Let's consider a fully connected layer with input x ∈ R^n and output y ∈ R^m. The traditional linear transformation is:

y = Wx + b

Where W ∈ R^(m×n) is the weight matrix, and b ∈ R^m is the bias vector.

In the spherical weight parameterization, we represent the weight matrix W as a collection of m weight vectors, each lying on an n-dimensional sphere of radius R:

W = [w_1^T, w_2^T, ..., w_m^T]^T

Where:

w_i ∈ R^n is the i-th weight vector
||w_i|| = R for all i (i.e., each weight vector has a norm or length of R)

This parameterization ensures that the linear transformation (Wx) is always bounded, as the magnitude of each weight vector is constrained by the sphere's radius R.

Mathematically, the linear transformation can be expressed as:

y_i = w_i^T x + b_i

Where y_i is the i-th output component, and b_i is the corresponding bias term.

During training, instead of directly learning the weight matrix W, we learn the angular coordinates (θ_i,1, θ_i,2, ..., θ_i,n) that determine the direction of each weight vector w_i on the n-dimensional sphere.
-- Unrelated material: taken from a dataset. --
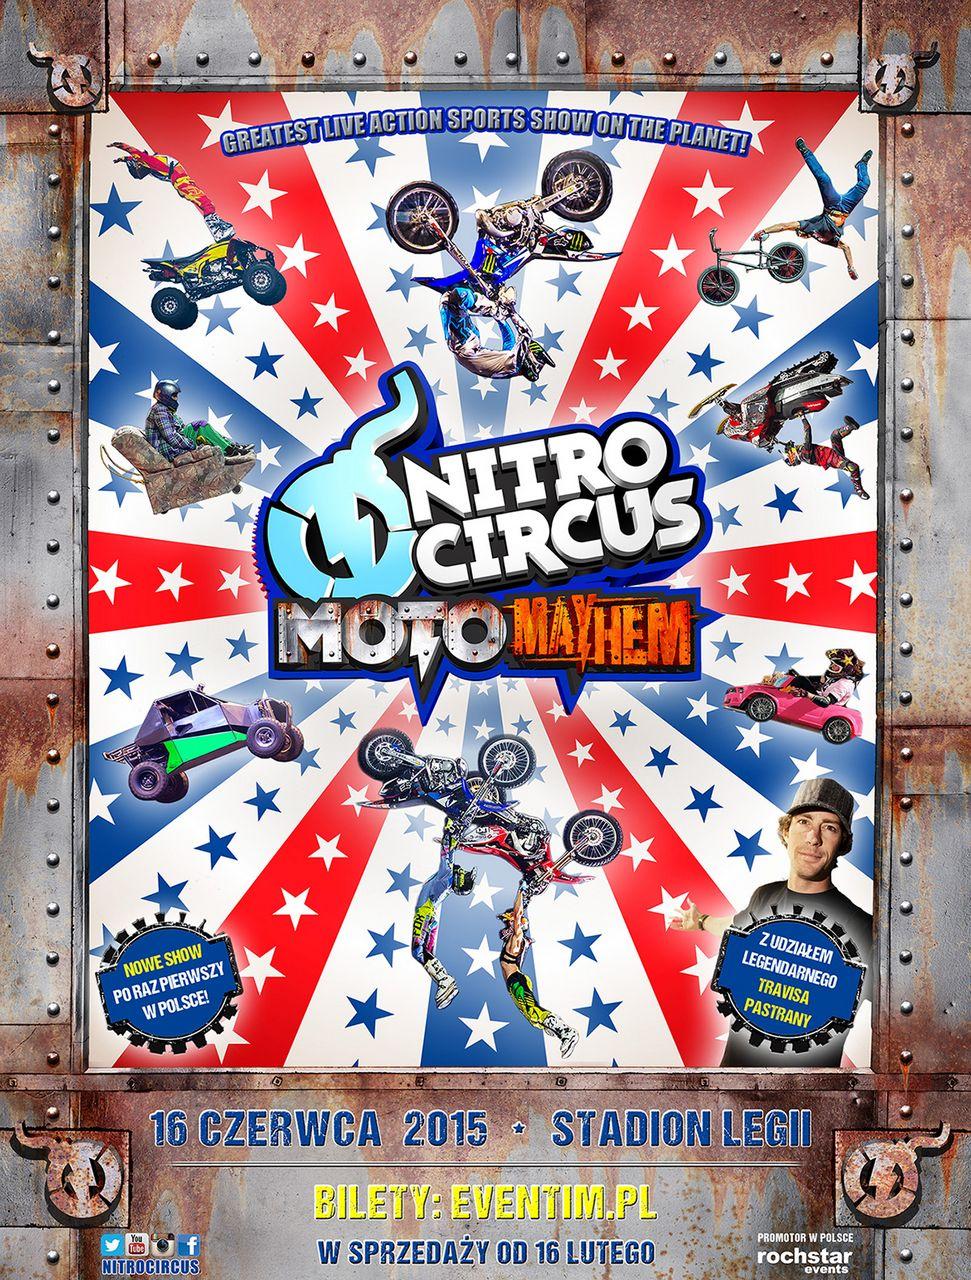 Nitro Circus Live Travisa Pastrany ponownie w Polsce!

The weight vectors can then be reconstructed as:

w_i = R * [cos(θ_i,1), cos(θ_i,2), ..., cos(θ_i,n)]^T

By learning the angular coordinates and the radius R (which can be a learnable parameter or a fixed constant), we effectively constrain the weights to lie on the high-dimensional sphere, ensuring that the linear transformation remains bounded.

The bias terms b_i can be learned normally, as they do not affect the boundedness of the linear transformation.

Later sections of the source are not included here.